The Brier score also goes by the names quadratic loss
or mean squared error
.
21.1. Load data
Let’s import a dataset about students and whether they have conducted research. The indepent variables in X are the student’s scores and peformance measures, and the dependent variable y is whether they have done research (y = 1) or not (y = 0).
[1]:
import pandas as pd
import numpy as np
url = 'https://raw.githubusercontent.com/selva86/datasets/master/Admission.csv'
Xy = pd.read_csv(url) \
.drop(columns=['Chance of Admit ', 'Serial No.'])
Xy.shape
[1]:
(400, 7)
[2]:
Xy.columns
[2]:
Index(['GRE Score', 'TOEFL Score', 'University Rating', 'SOP', 'LOR ', 'CGPA',
'Research'],
dtype='object')
[3]:
Xy.head()
[3]:
GRE Score | TOEFL Score | University Rating | SOP | LOR | CGPA | Research | |
---|---|---|---|---|---|---|---|
0 | 337 | 118 | 4 | 4.5 | 4.5 | 9.65 | 1 |
1 | 324 | 107 | 4 | 4.0 | 4.5 | 8.87 | 1 |
2 | 316 | 104 | 3 | 3.0 | 3.5 | 8.00 | 1 |
3 | 322 | 110 | 3 | 3.5 | 2.5 | 8.67 | 1 |
4 | 314 | 103 | 2 | 2.0 | 3.0 | 8.21 | 0 |
21.2. Create Xy
We will split Xy in X and y individually.
[4]:
X = Xy.drop(columns=['Research'])
y = Xy['Research']
X.shape, y.shape
[4]:
((400, 6), (400,))
21.3. Split Xy into training and testing
We then split X and y into training and testing folds.
[5]:
from sklearn.model_selection import StratifiedKFold
tr_idx, te_idx = next(StratifiedKFold(n_splits=10, random_state=37, shuffle=True).split(X, y))
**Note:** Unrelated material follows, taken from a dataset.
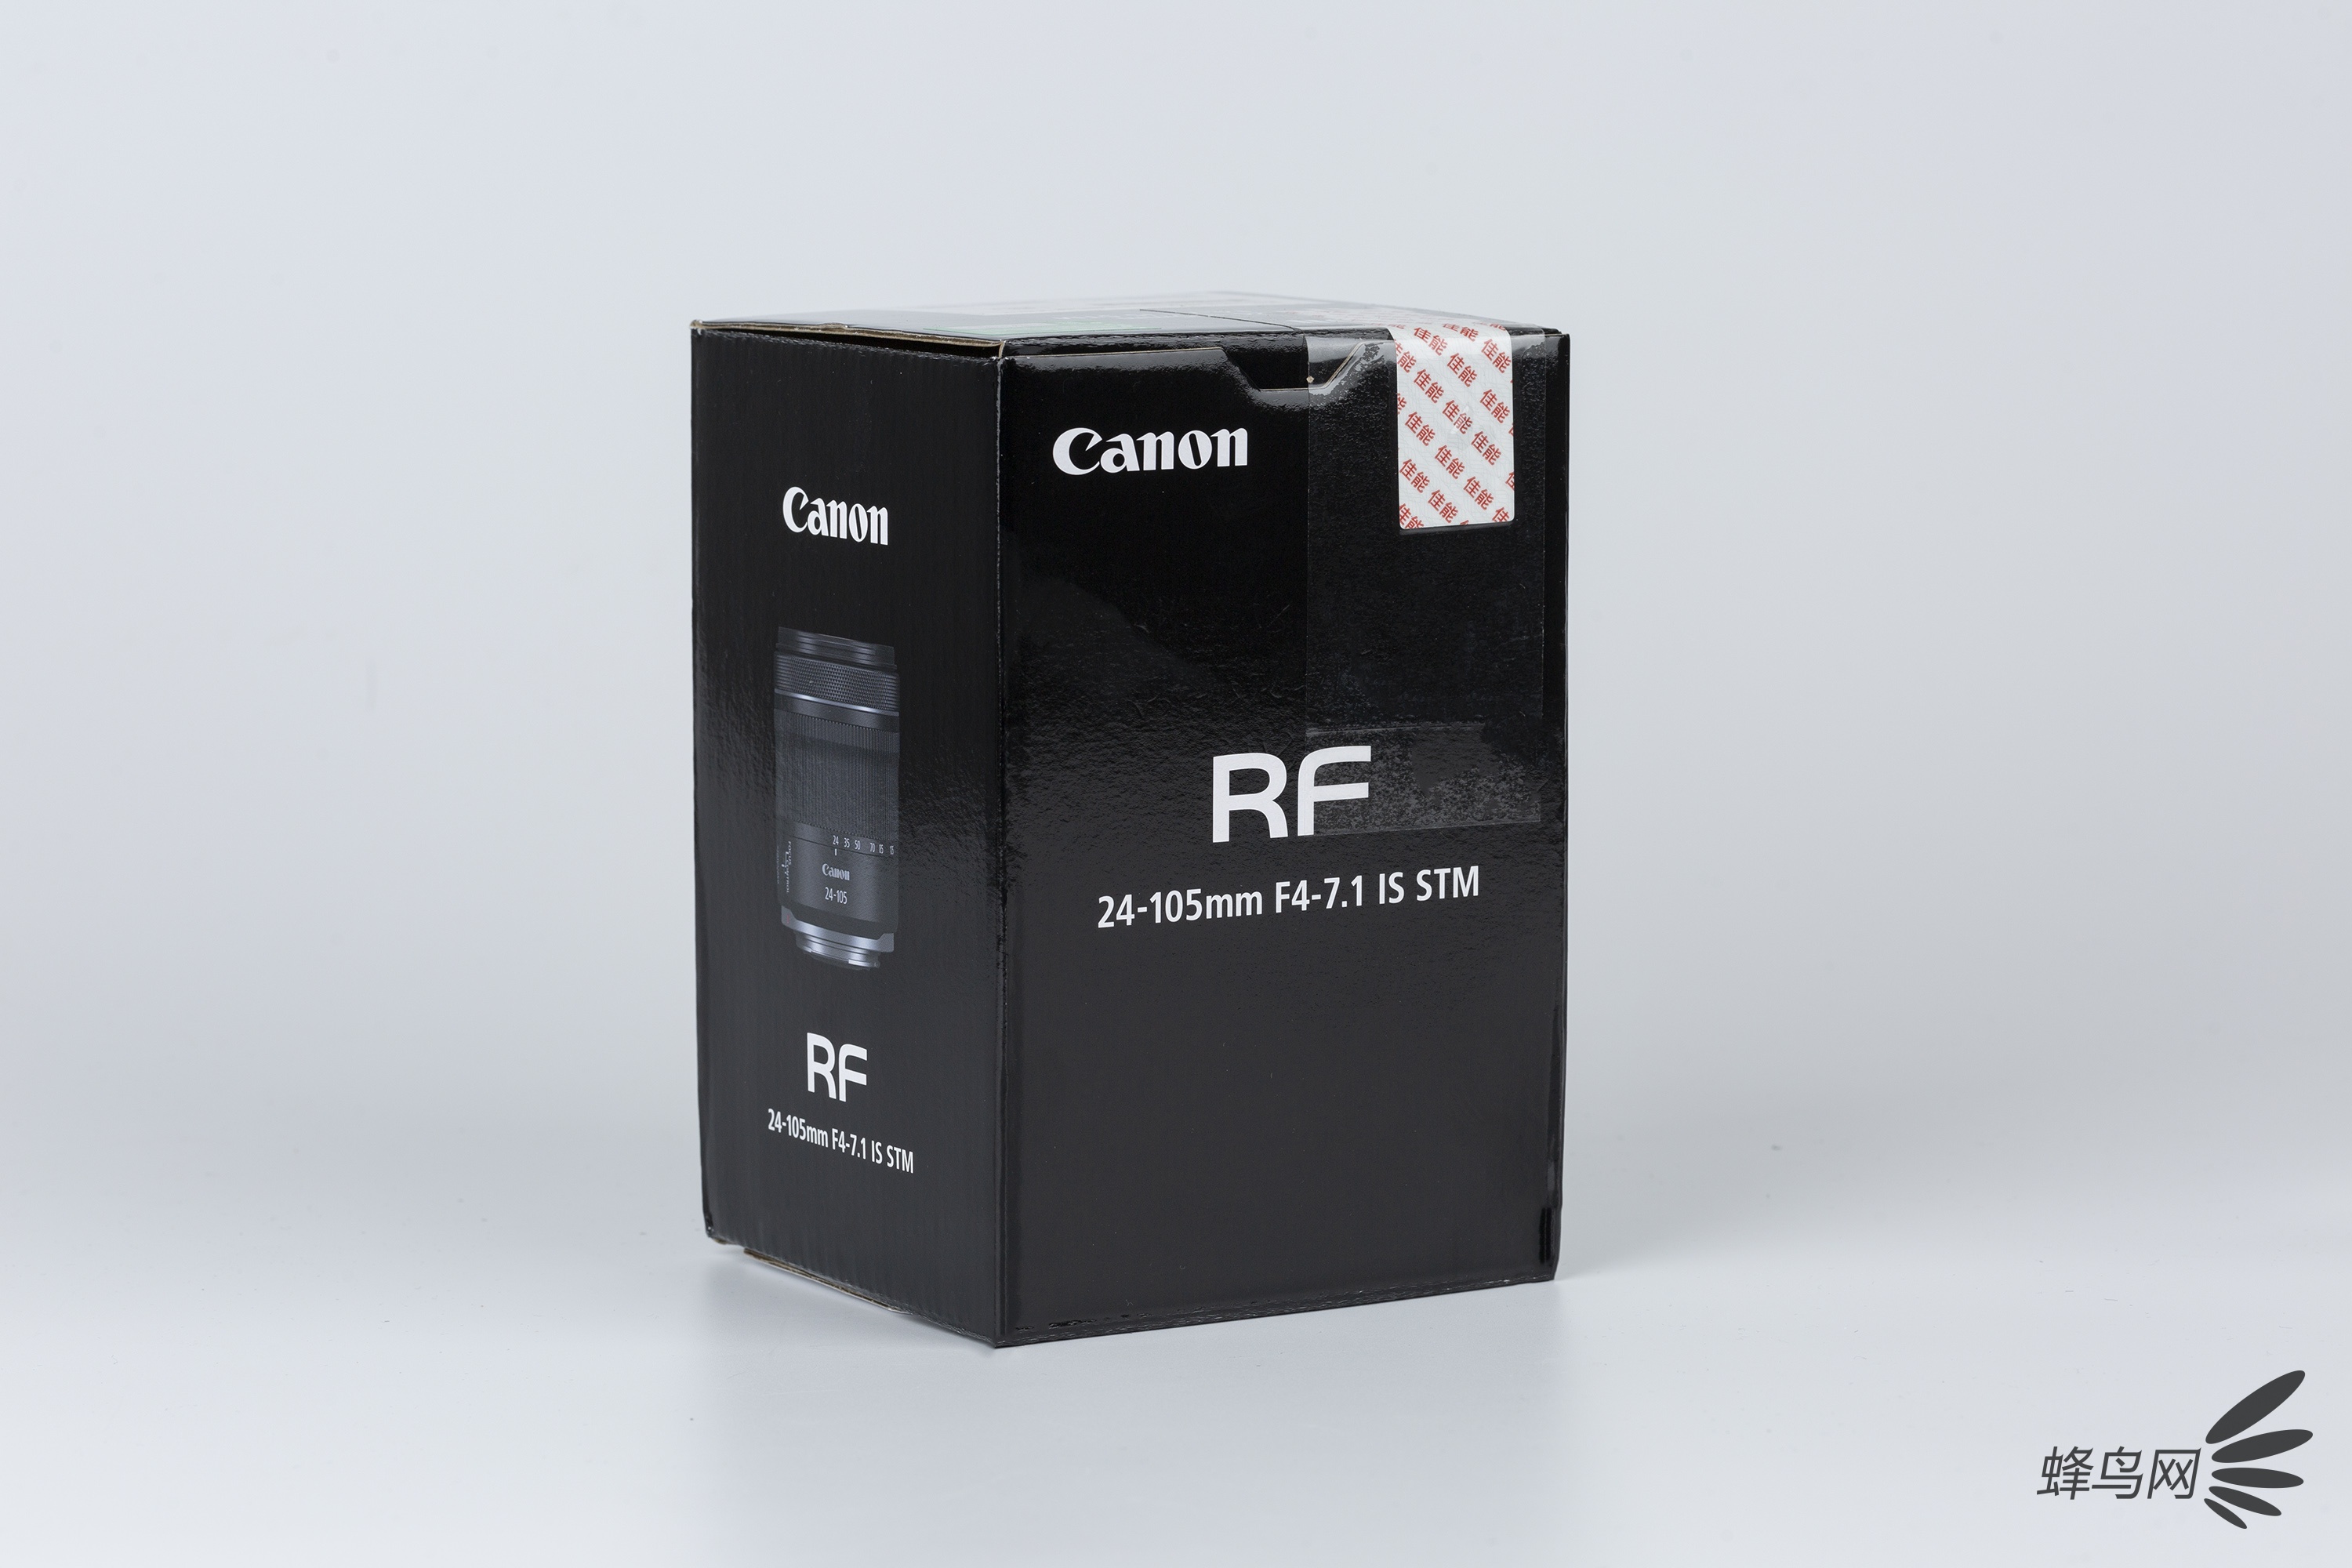 轻便全幅变焦头 佳能RF24-105mm F4-7.1图赏

X_tr, X_te, y_tr, y_te = X.loc[tr_idx], X.loc[te_idx], y.loc[tr_idx], y.loc[te_idx]
X_tr.shape, X_te.shape, y_tr.shape, y_te.shape
[5]:
((360, 6), (40, 6), (360,), (40,))
Let’s make sure the proportions of 1’s and 0’s are preserved with the splitting.
[6]:
y_tr.value_counts() / y_tr.value_counts().sum(),
[6]:
(1 0.547222
0 0.452778
Name: Research, dtype: float64,)
[7]:
y_te.value_counts() / y_te.value_counts().sum()
[7]:
1 0.55
0 0.45
Name: Research, dtype: float64
21.4. Model learning
Let’s training a logistic regression model on the training data.
[8]:
from sklearn.linear_model import LogisticRegression
m = LogisticRegression(solver='saga', max_iter=5_000, random_state=37, n_jobs=-1)
m.fit(X_tr, y_tr)
[8]:
LogisticRegression(max_iter=5000, n_jobs=-1, random_state=37, solver='saga')In a Jupyter environment, please rerun this cell to show the HTML representation or trust the notebook.
On GitHub, the HTML representation is unable to render, please try loading this page with nbviewer.org.
LogisticRegression(max_iter=5000, n_jobs=-1, random_state=37, solver='saga')
21.5. Scoring
The null (reference) model is the one that always predicts the expected probability of y=1 defined as follows.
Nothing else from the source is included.